By Viviana Gomez-March 02, 2012
"Science without religion is lame,
religion without science is blind."
- Albert Einstein
In 1633, the Church condemnation of Galileo Galilei, was one of the most dramatic incidents in the long history of the relations between science and religion. Galileo had published a year before that the sun-centered system was the physical truth and was convicted of grave suspicion of heresy for "following the position of Copernicus, which is contrary to the true sense and authority of Holy Scripture.” Galileo was placed under house arrest for the rest of his life.
But beginning the 16th century, the Protestant Reformation, the Scientific Revolution and the Enlightenment began to erode the position of authority held by religion. A new willingness to confront religious authority and a new respect for reason and its accomplishments began to counter established ways of thinking based on revealed religious truth.

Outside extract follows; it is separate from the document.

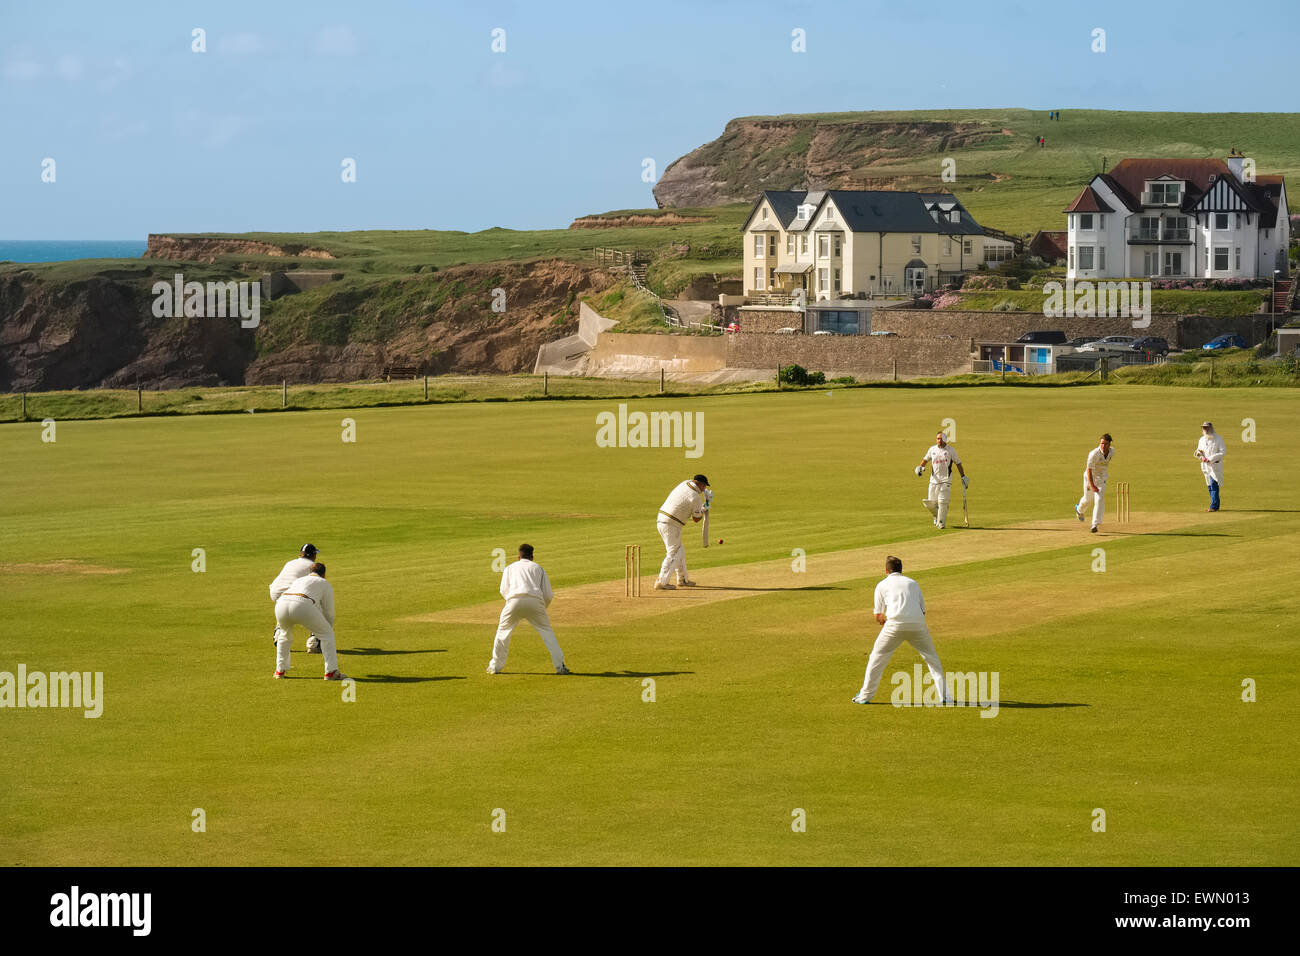 Action at Bude North Cornwall Cricket Club beside the Atlantic Ocean, England, UK Stock Photo

As a result, modern philosophy began to separate from theology, and new philosophers began constructing a universal, human rationality independent of faith. For the first time in human history, it had become possible to not simply ponder faith and its forms of expression, but to challenge it as a fundamental truth—and to even question the very existence of God.
The western culture can be facing a deep religion crisis and God might not be as popular as used to be, but it doesn’t mean that believers are a specie in danger of extinction. They not only survived, they are even more than the skeptics and growing in number.